La imputación al subcomisario
Con los elementos reunidos hasta el momento, la Fiscalía atribuyó provisoriamente a Suárez los delitos de “lesiones leves agravadas por el vínculo y en contexto de género y amenazas coactivas agravadas por el uso de armas”.
Todavía quedan medidas de investigación pendientes, entre ellas entrevistas a personal policial y familiares, informes de riesgo y la declaración de los hijos de la pareja a través de Cámara Gesell.
La Fiscalía pretende incorporar los testimonios de los menores mediante un dispositivo especial de protección y determinar si, además de testigos de los episodios investigados, también deben ser considerados víctimas.
El pedido pedido de prisión preventiva al subcomisario
Al pedir 120 días de prisión preventiva, el Ministerio Público Fiscal argumentó la existencia de riesgo de fuga, peligro de entorpecimiento de la investigación y riesgo para la denunciante y sus hijos.
Entre otros elementos, tuvo en cuenta la condición de policía del imputado, la presunta utilización de su arma reglamentaria durante los hechos y su comportamiento durante el procedimiento en la vivienda.
La acusación también señaló que, tras 19 años de relación, Suárez conoce el entorno cotidiano, familiar y personal de la denunciante, una circunstancia que podría permitirle influir sobre ella, sus hijos y otros integrantes de la familia cuyos testimonios resultan relevantes para la causa.
La Fiscalía remarcó la necesidad de proteger las declaraciones que los hijos brindarán mediante Cámara Gesell y evitar cualquier tipo de interferencia sobre esos testimonios. “La violencia no se trata de un hecho único”, sostuvo al fundamentar el pedido de prisión preventiva.
La Defensora Adjunta Belén Suárez, de la Defensoría de Niñez y Adolescencia, adhirió al pedido de anticipo jurisdiccional de prueba para los hijos de la pareja.
La Defensoría Oficial en lo Penal Nº 3 solicitó la prórroga prevista en el artículo 40 de la Constitución Provincial por ocho días para analizar las actuaciones y definir la estrategia procesal.
La defensa tampoco se opuso a la realización de la Cámara Gesell y adelantó que durante ese plazo evaluará posibles medidas alternativas a la prisión preventiva.
Tras escuchar a las partes, la jueza Agustina Dopazo Samper concedió la prórroga constitucional.

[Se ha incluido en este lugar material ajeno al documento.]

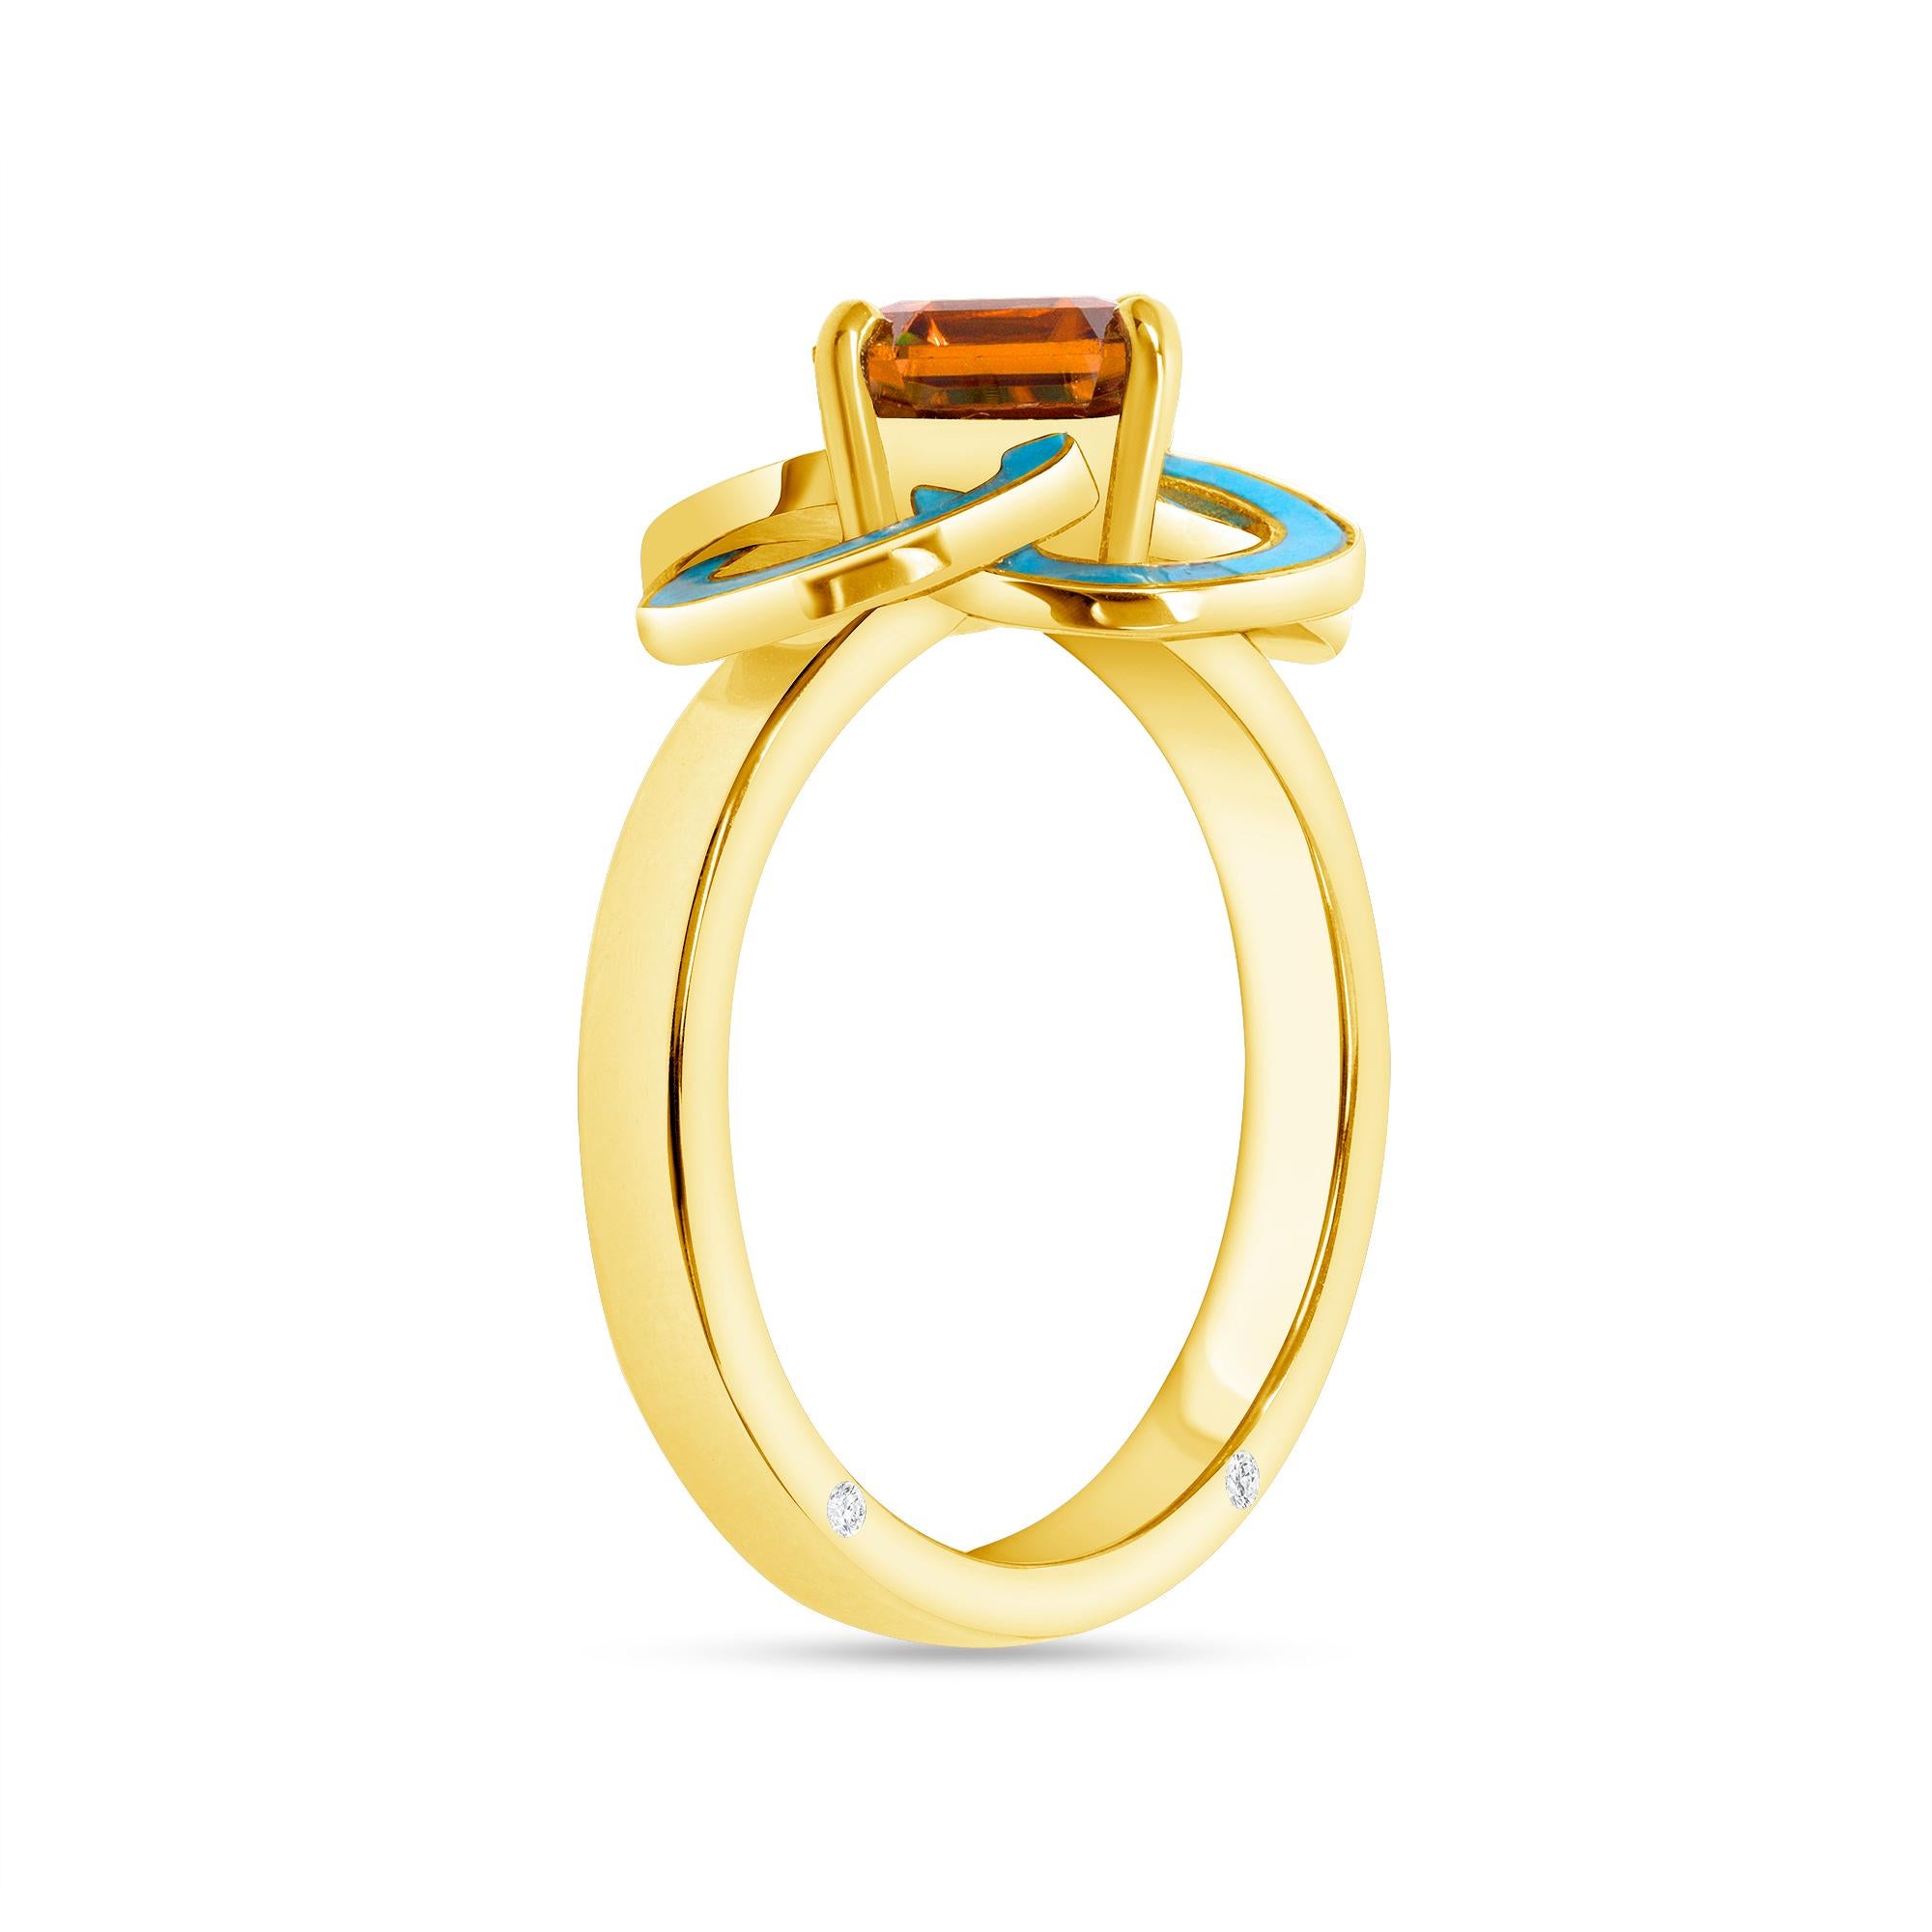 2.56 Carat Orange Zircon, Turquoise, Diamond, Yellow Gold Cocktail Ring, In Stock. This abstract ring has an 18k yellow gold band and setting. It has geometric spirals that are reminiscent of Celtic patterns. These spirals have an inlay made of
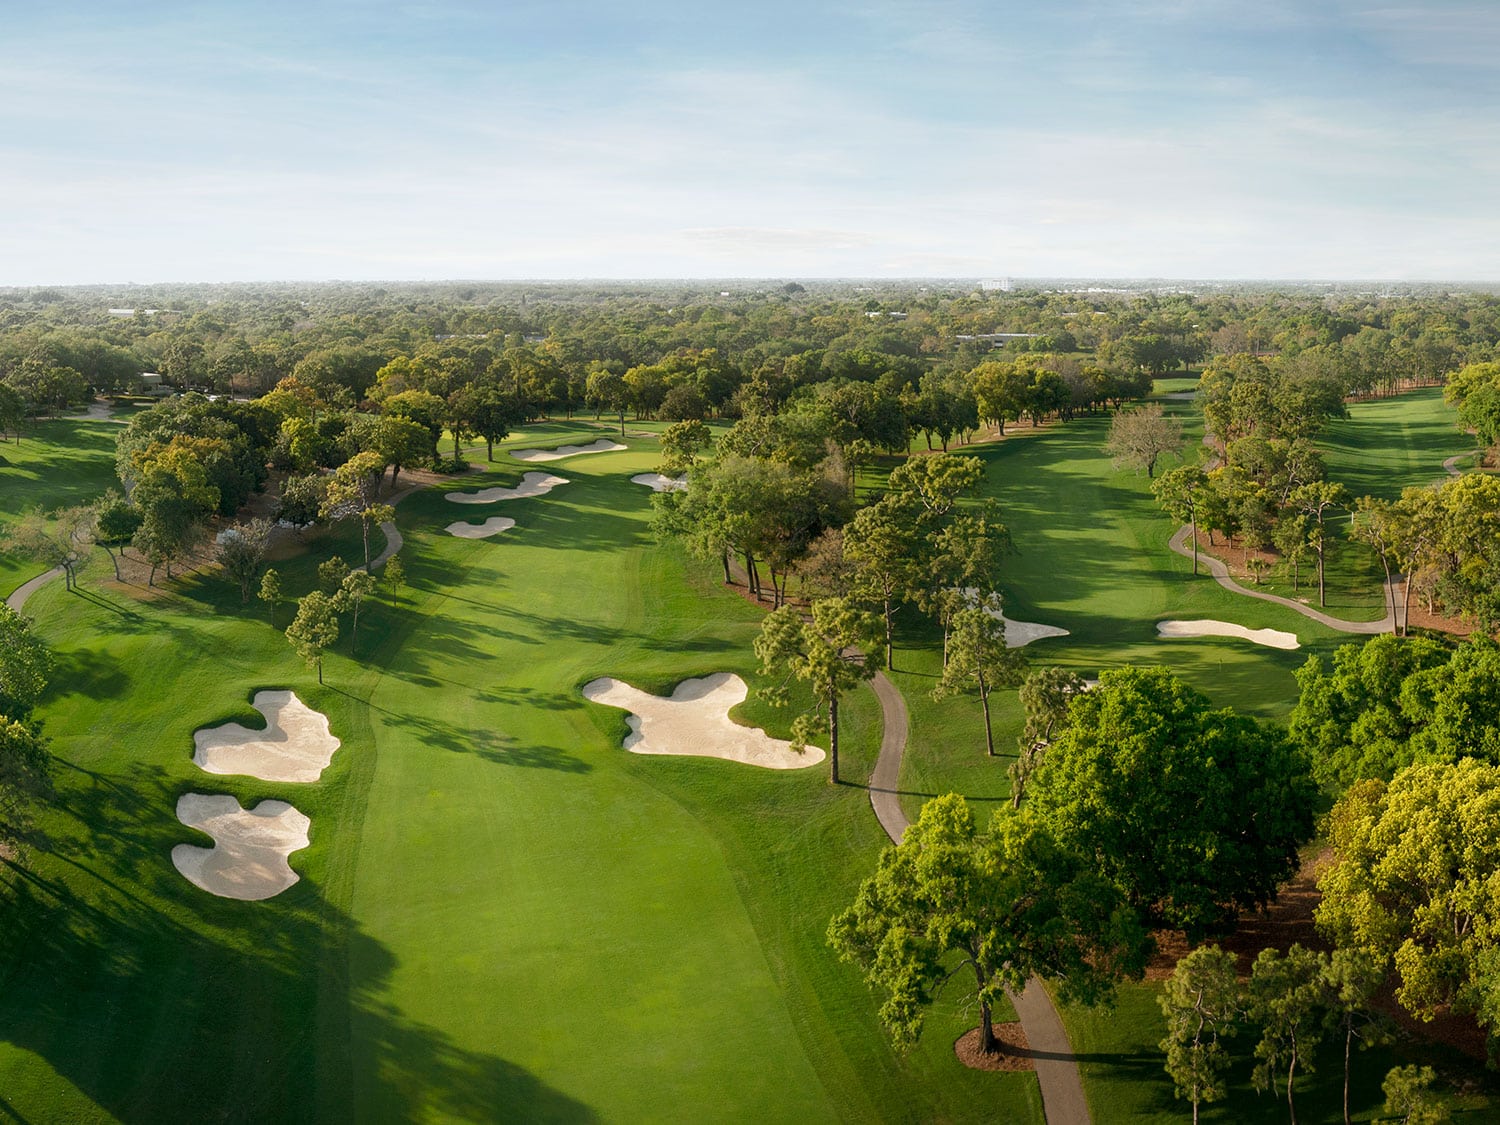 An aerial view of the Copperhead Course at Innisbrook Golf Resort in Palm Harbor, Florida.

Una vez cumplidos los ocho días, o antes si la defensa lo solicita, se reanudará la audiencia y se resolverán la formulación de cargos y el pedido de prisión preventiva.
La Policía le retiró el arma y lo pasó a servicio pasivo
A través de un comunicado oficial, el jefe de la Policía de San Luis, Juan Carlos Serrano, dispuso el retiro preventivo del arma reglamentaria de Suárez.
Además, la fuerza inició una investigación administrativa paralela a la causa judicial a través de la Dirección General de Asuntos Internos.
El subcomisario también fue pasado a situación de servicio pasivo mientras se instruye el sumario administrativo.